Figure 3.

CRISPR-Mediated Base Editing Using CBEs.

(A) CBEs are composed of nCas9 (D10A) fused to a cytosine deaminase catalytic domain (rAPOBEC1, PmCDA1, hAID, or hA3A) that mediates cytosine deamination in the so-called editing window at the 5′ end of the non-targeted sequence.

(B) After C deamination into U, endogenous uracil DNA glycosylase (eUNG) detects and removes the U, leading to an abasic site, which is further processed through error-free (U-to-C) or error-prone repair, producing different base substitutions, albeit at the cost of indel mutations due to the generation of DSBs through concomitant ssDNA breaks by nCas9 and endogenous AP lyases (eAP lyase). This system allows the production of C-to-T, C-to-G, and C-to-A conversions.

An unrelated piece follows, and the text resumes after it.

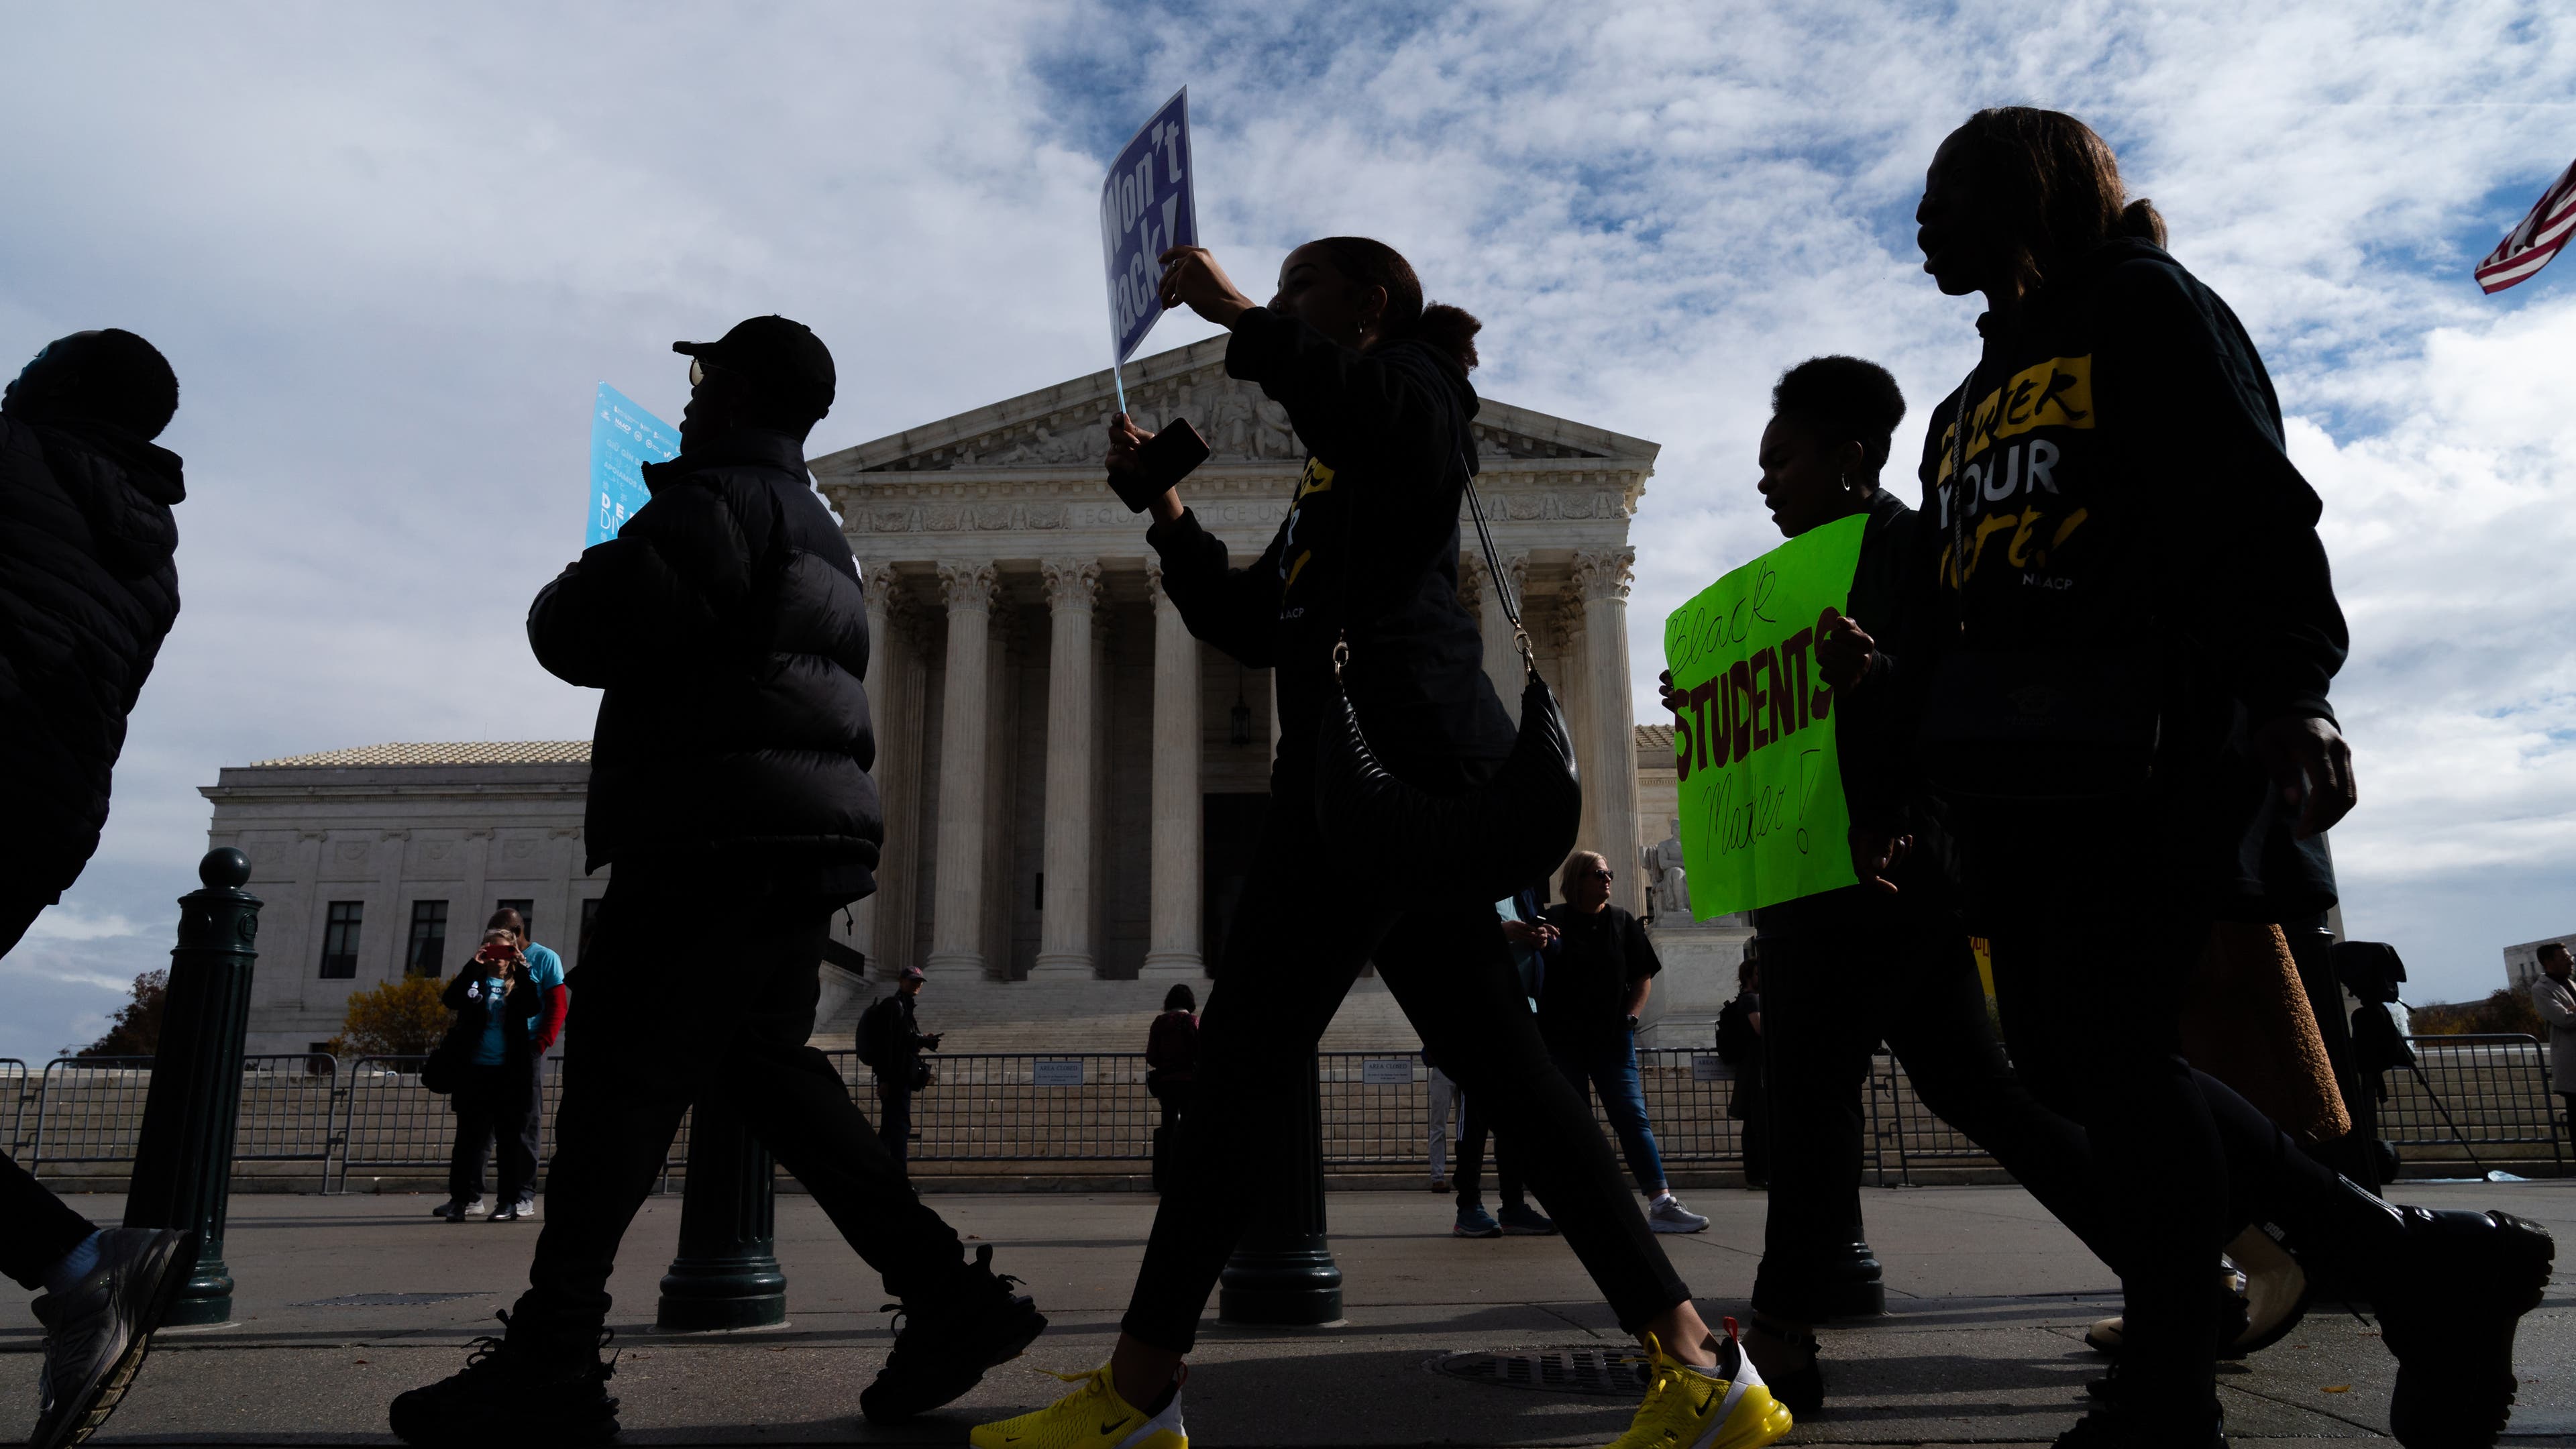 Supporters march during a rally in support affirmative action policies outside the Supreme Court in Washington, D.C. on October 31, 2022.

(C) CBE architecture can be upgraded through the fusion of one to several uracil glycosylase inhibitors (UGIs) to the base editor to increase the rate of C-to-T conversion while limiting the formation of by-products.

(D) After C deamination, UGIs protect the U edits from eUNG, thereby preventing the formation of abasic sites and mostly producing C-to-T conversions through the nicking of the non-edited strand and the intervention DNA repair/replication mechanisms, with a low level of by-products, such as indel mutations.

The schemes are not at scale and are for illustrative purposes only.